Overview:
Systems that adapt to their users have the potential to
tailor the system behavior to the specific needs and preferences of
their users. The purpose of this workshop is to bring together
researchers from academia and industry to summarize previous work;
evaluate the need for user adaptive systems; and discuss the main
difficulties that arise in designing and implementing such
systems. The workshop will allow people working on different types of
user adaptive systems to exchange ideas and to learn from each other's
experience.
The interaction with human users is at the core of many important systems. Improving this interaction and adapting to the specific user needs and preferences may result in better computing on several levels. It can lead to more usable and friendlier interfaces; improved performance as perceived by the user; adequate prioritization of tasks; and many others advantages. The range of applications is vast: health care for the elderly, determining user satisfaction for PCs, adaptive power management of laptops, improving driving experience, and better personalization in online shops to name a few.

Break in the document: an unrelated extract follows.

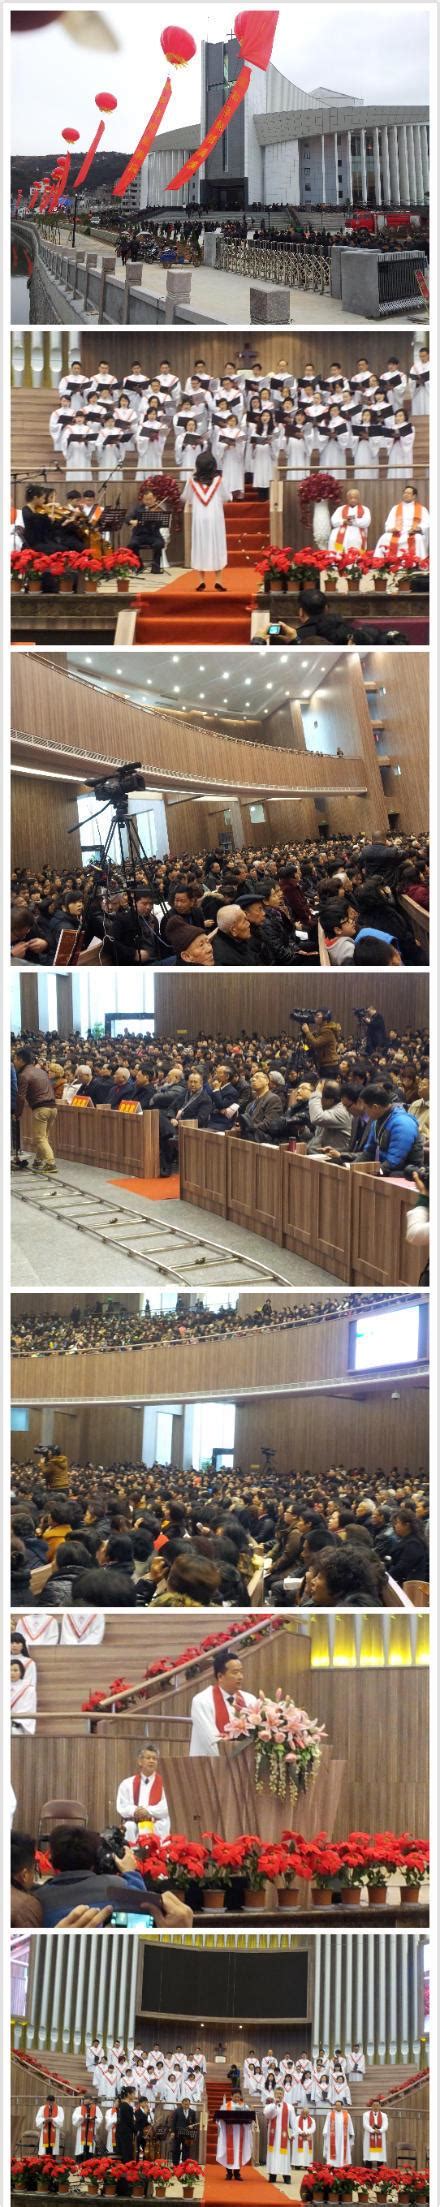 （最新）温州柳市大教堂献堂实况直播中 将成中国目前最大基督教堂-基督时报-基督教资讯平台

It is our belief that the relevance of machine learning as a field will be measured by its effect on modern technology. Adapting the behavior of a system to its user is a need that arises in a diverse range of applications. The workshop will focus on the methodology of user adaptive systems; it will explore the current state-of-the-art, and will offer a place for researchers from academia and industry to exchange ideas and formulate common goals.
Workshop Goals:
User adaptive systems learn and monitor user activity. These systems
take actions based on user activity, explicit feedback, and implicit
feedback signals. The goal of the workshop is to summarize the
state-of-the-art in user adaptive systems. At the end of this workshop
we would like to:
Program:
Morning session: 7:30am–10:30am
7:30am Opening Remarks
7:35am Machine Learning in the User Interface: Experience in TaskTracer and CALO,
Thomas Dietterich
8:15am Sensing and Modeling Peoples Activities and Interactions in Everyday
Environments, Tanzeem Choudhury
8:55am Break
9:05am Implicit feedback from eye movements for proactive information retrieval,
Samuel Kaski
9:45am Panel discussion: User adaptive systems - which approach wins?
Afternoon session: 3:30pm–6:30pm
3:30pm On Streaming Machine Intelligence into Daily Life: Directions and Challenges, Eric Horvitz
4:10pm Xbox Live: Challenges for a User Adaptive Online Gaming Service,
Thore Graepel and Ralf Herbrich
4:30pm Designing adaptive systems by maintaining a mixture over a set of experts,
Manfred Warmuth
4:50pm User Adaptive Image Ranking for Search Engines,
Maryam Mahdaviani and Nando de Freitas
5:10pm Break
5:25pm Panel Discussion: Where are we going from here?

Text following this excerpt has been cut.